38 of 38 people found the following review helpful By Andrew Barrett on 25 April 2007
Format: Paperback
I'm currently working my way through the list of twenty books Charlie Munger (Warren Buffett's partner) recommends in the second edition of Poor Charlie's Almanack (very highly recommended). Thus, I am reading books I frankly wouldn't otherwise be (which I'm feeling increasingly sure reflected poorly on me) and I therefore feel somewhat less certain about my opinions. For example, I've read very few biographies and so it's harder for me to compare it to others.

With that caveat, I do read a lot, and I know an excellent book when I come across one - and Titan (2nd edition, 2004, 679 pages) is first rate. The author has clearly done a staggering amount of research, writes well and clearly and is admirably even-handed in his approach (so much as one can tell without reading the background material oneself). I think these are probably the three key factors in producing a biography and it is difficult to find fault in his approach to any of them.

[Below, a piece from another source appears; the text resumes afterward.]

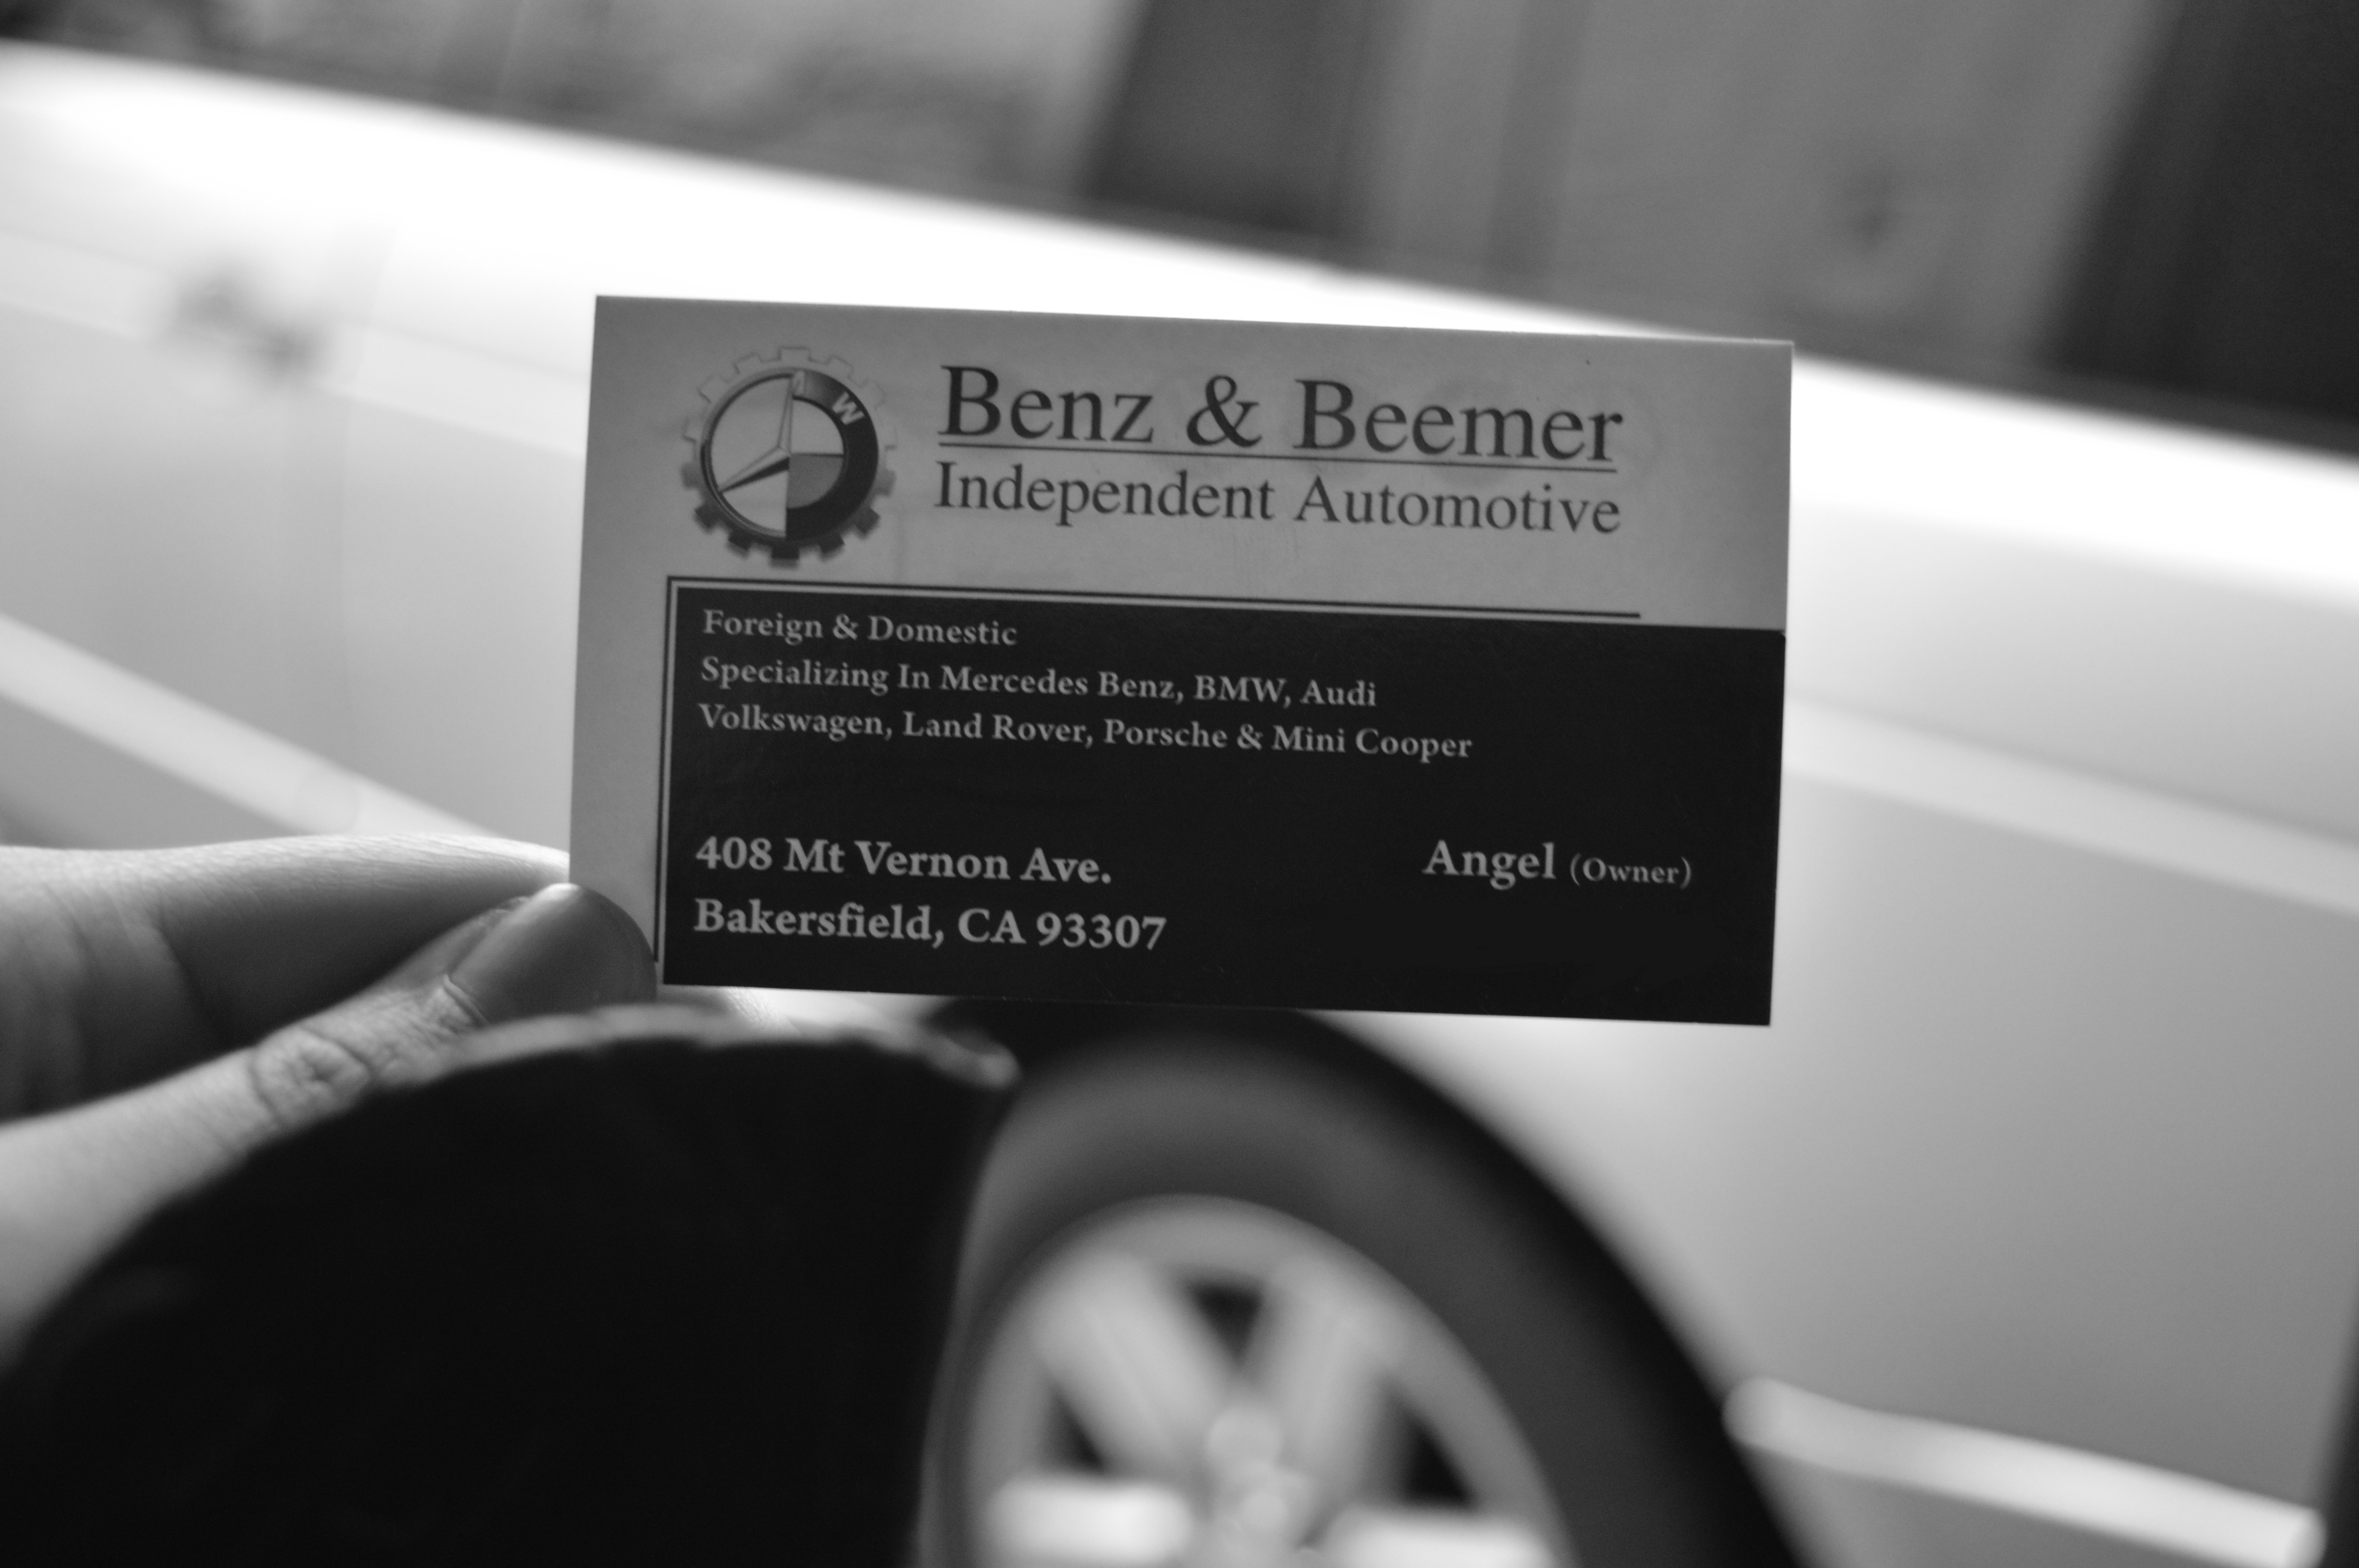 Benz Beemer Independent Automotive 408 Mount Vernon Ave

Rockefeller comes across as a fascinatingly strange mixture of cold hearted and genial, a hyper-religious bandit who was convinced that his was God's work even when it involved political bribery and industrial espionage on a grand scale. I found it particularly interesting that he was not considered in any way remarkable in his abilities whilst at school - it appears his success was mainly due to his utterly relentless approach and self-discipline. There are many other interesting subtexts that emerge through the book, such as the enormous difficulty in preventing great wealth from destroying family relations.

My approach to reading my way through Munger's list is to devote an hour to reading each day before I do anything else (I found that was the only way to ensure it got done).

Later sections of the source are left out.